I guess it's understandable. To fall back on what you know and all. But like those Wall Street types say, If you ain't growin', you're dyin'.
To an outsider--and I could live here for 185 more years and become Mayor of the city and I'd still be the Longest Living Outsider Ever in New Orleans--I know that it's the same old same old. Even
pre-Katrina. The same crappy old blues players at Jazz Fest; where I get the added pleasure of hearing them interrupt their set and preach about the good ol' days and all of their dead blues players friends for the 25 minutes I'm standing in line to pee, a jam session (if you can call it that) for the thirty minutes I'm queued up again to get a warm, Louisiana-Proud Bud Light and watching a 15 year-old girl puke and nearly pass out while I wait yet another fifteen minutes for cold crawfish bread that has more wooly bread and neo-glow orange sauce than crawfish and wonder which is worse, the preachin' and singin', the standin' or the amazing food and drink.

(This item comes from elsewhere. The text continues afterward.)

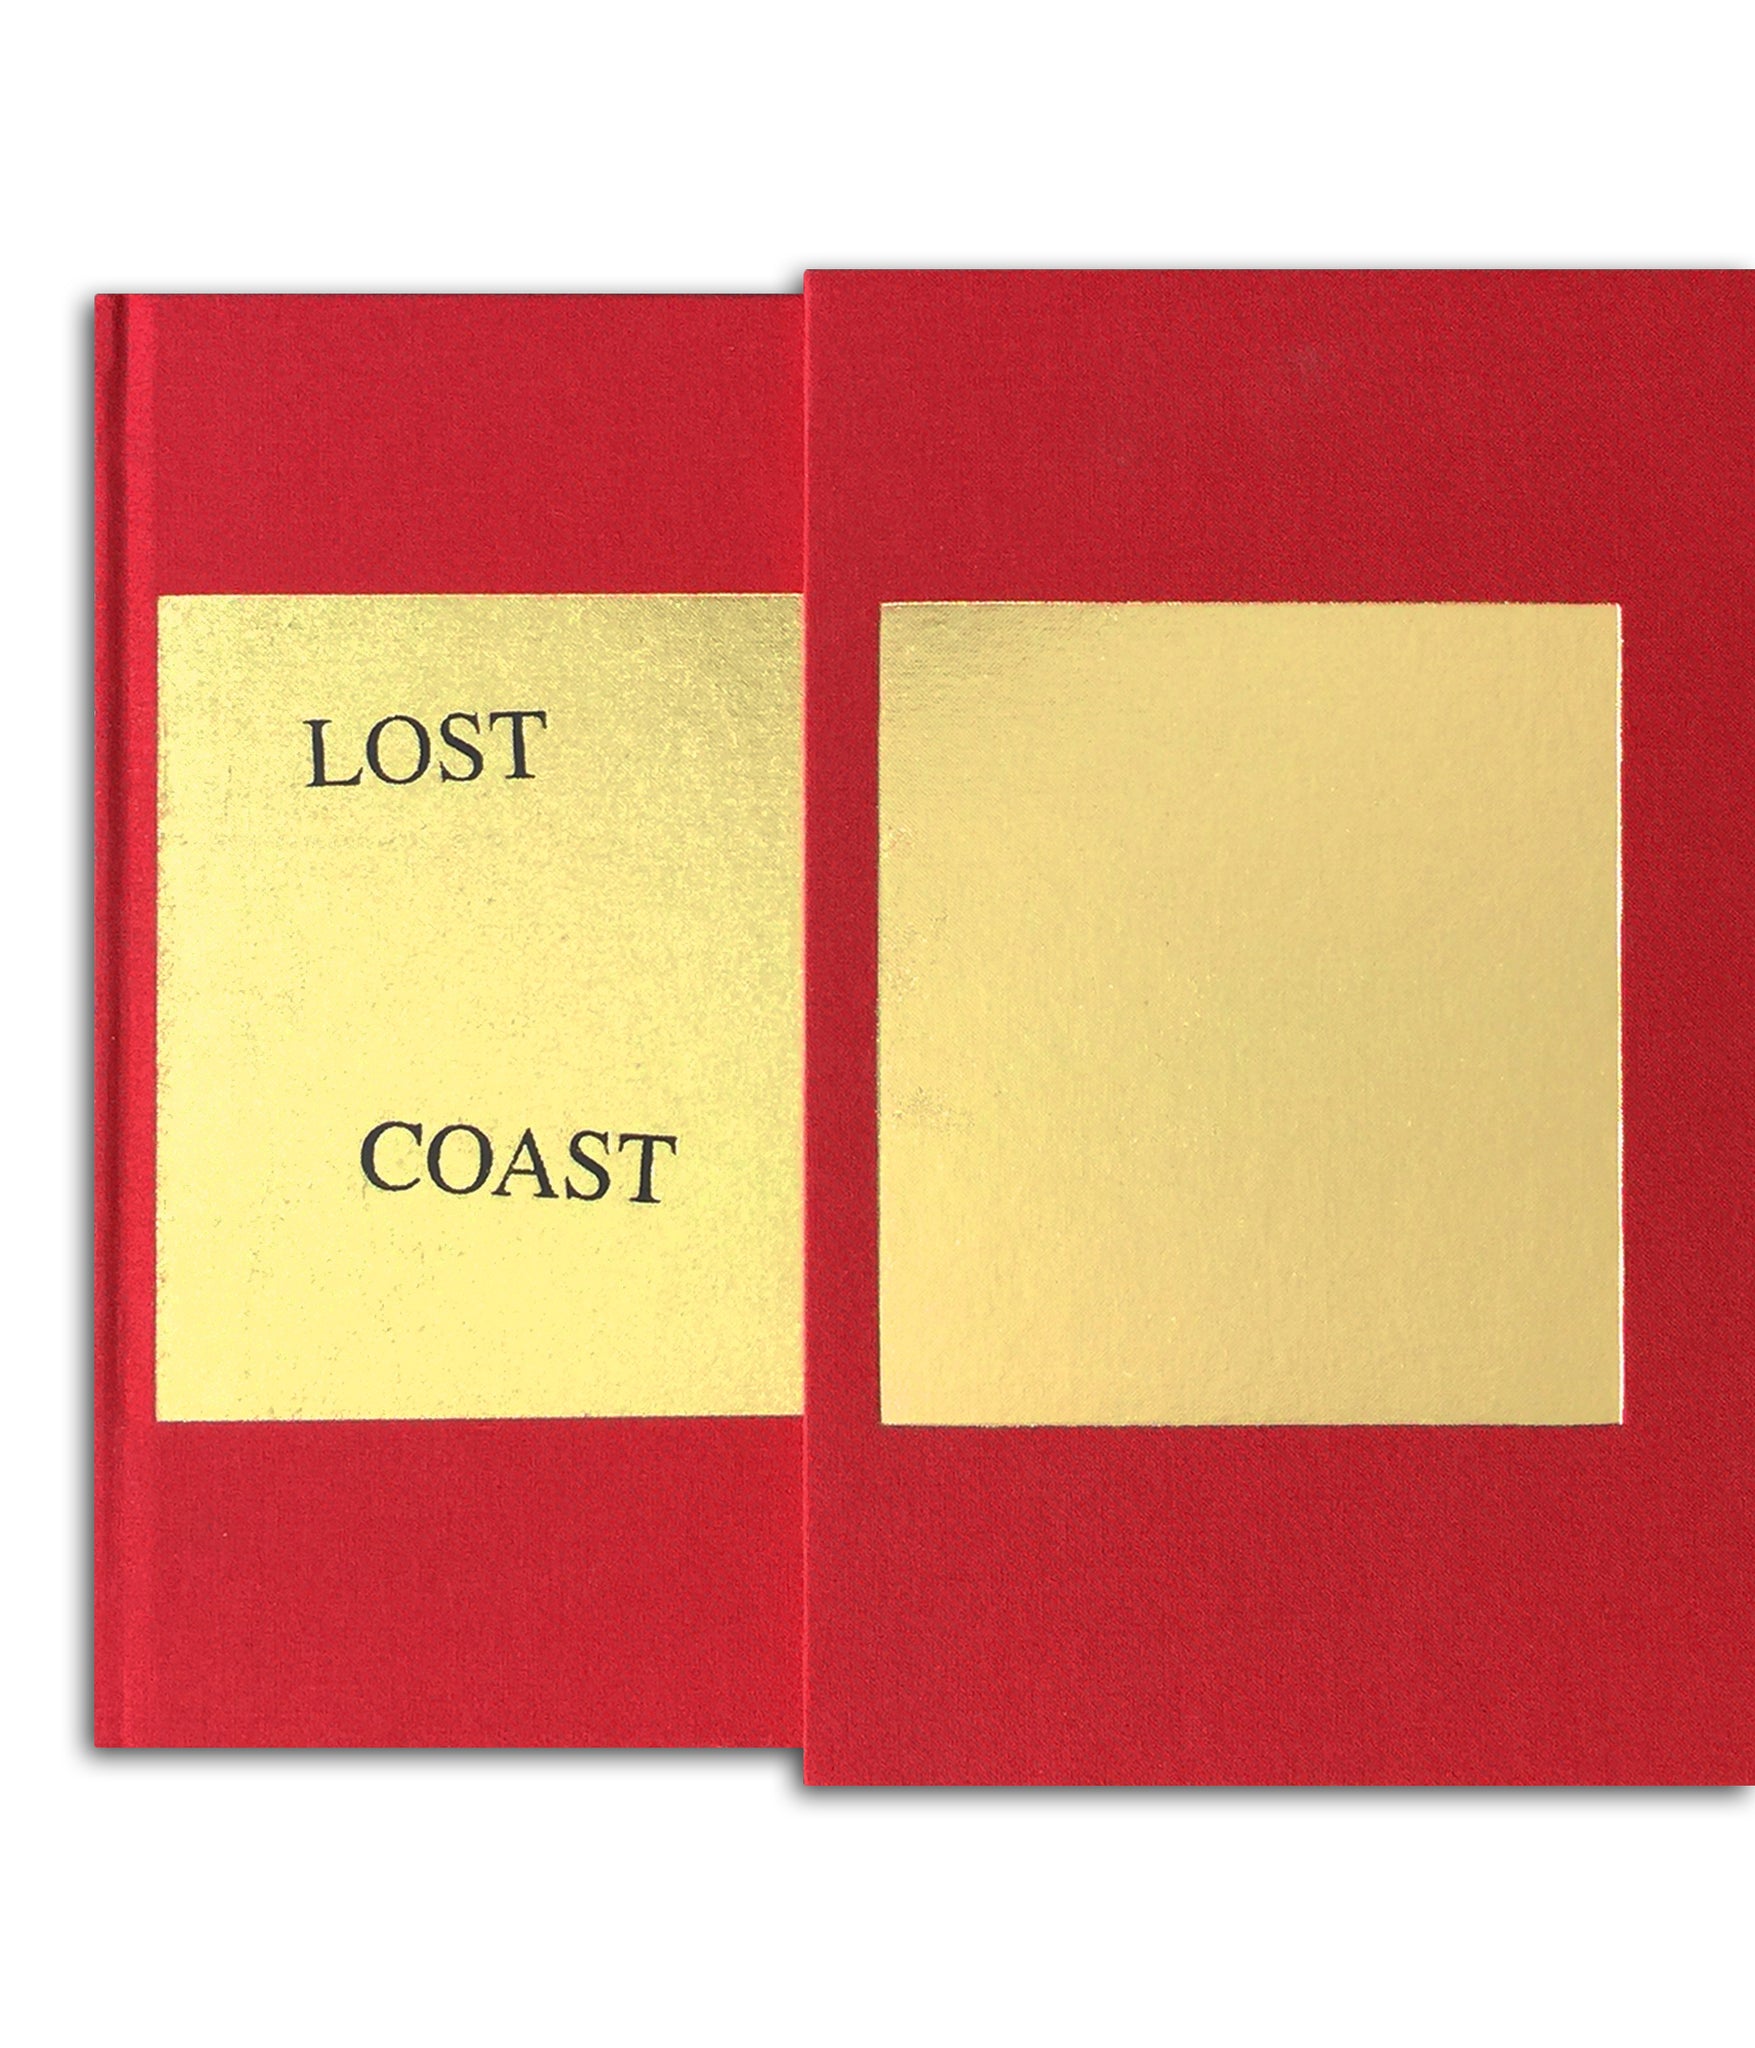 Lost Coast - Special Edition with Prints

Of course, by then it's started to rain.
Earlier in the year, if I'm not excited about Mardi Gras it's as if I'd just told my 2 year-old son and all of
his 2 year-old friends that there's no Santa Claus. Yet Mardi Gras is the same recycled Mardi Gras floats in the same Mardi Gras parades only with different names--Yea! It's Orpheus tonight!--with the same Mardi Gras songs by the same Mardi Gras bands--Ooh, ooh! Move back! Here comes Saint Aug!--and those same really old ladies in the same leopard-print leotards as last year doing the same half-ass high-steppin' to the same chest-thumpin' Whoomp! (There It Is) blaring from the same champagne Chrysler 3000 with spinnin' 24's behind 'em. After each parade, I'm subjected to the same dried-out-is-this-unleavened cake doused in the same grainy, purple, green and Corvette-yellow icing washed down this time with Louisiana-Proud Coors Light, hoping I don't choke on the plastic baby because if I don't eat any it's an offense to all present when all I really want is a place to go wash myself.

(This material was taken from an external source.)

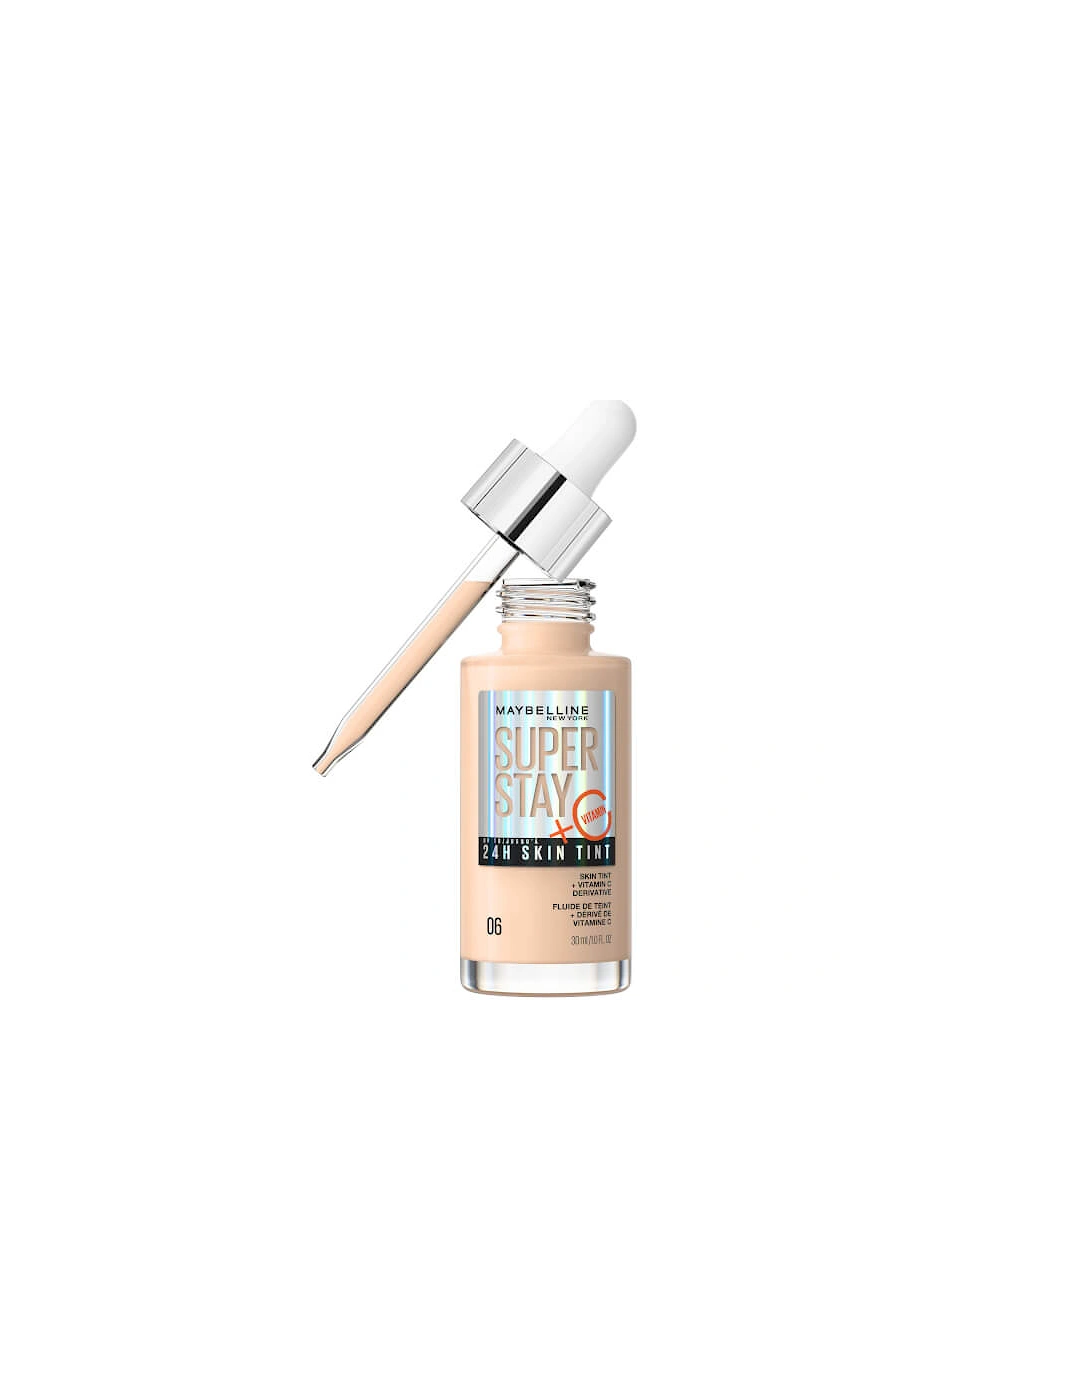 Super Stay up to 24H Skin Tint Foundation + Vitamin C - Shade 06, 2 of 1

Over and over and over and over for weeks.
~
New Orleans, the City that Care Forgot.
Better, the City they Forgot to Clean.
But what's a hick from Arkansas know about great cuisine or important culture, right?
Don't leave it to me. Cooks and crooks--and very often very un-great food--is how world-renowned food writer Alan Richman summarized what New Orleans is most famous for.
New Orleans fell in love with itself and acted accordingly, becoming a
festival of narcissism, indolence, and corruption. Tragedy could not
have come to a place more incapable of dealing with it.
And not simply because of a batshit crazy, racist Mayor who's vagina-friendly, I'd like to add.
But let's not even get into the crime. The corruption. The view on Veterans Highway.
~
Were it not for my son's wonderful grandparents here, my wife's
attachment to this town would be completely irrational. However, I realize that a person's home can make you this way, too. Why, look at the Palestinians and Israelis. They're so torn over losing the places they grew up in that they've been killing
each other for millenia over it.
And I bet they don't even have Abita beer there.
Lately, I often
picture myself in some sort of black-and-white dream, like on the tarmac at the end of
Casablanca, and I'm a sad-but-determined Bogey in a fedora--but at Louis Armstrong International Airport in Kennah instead of Morocco--and I'm shoving my family (Grandma and Gramps, too) onto a shiny turboprop in a dense, stormy night and we fly, heroically, towards sunsets in a land of big yards, low sales taxes, and cornbread dressing.
And Lysol.
And we wouldn't come back for those goddamned parades.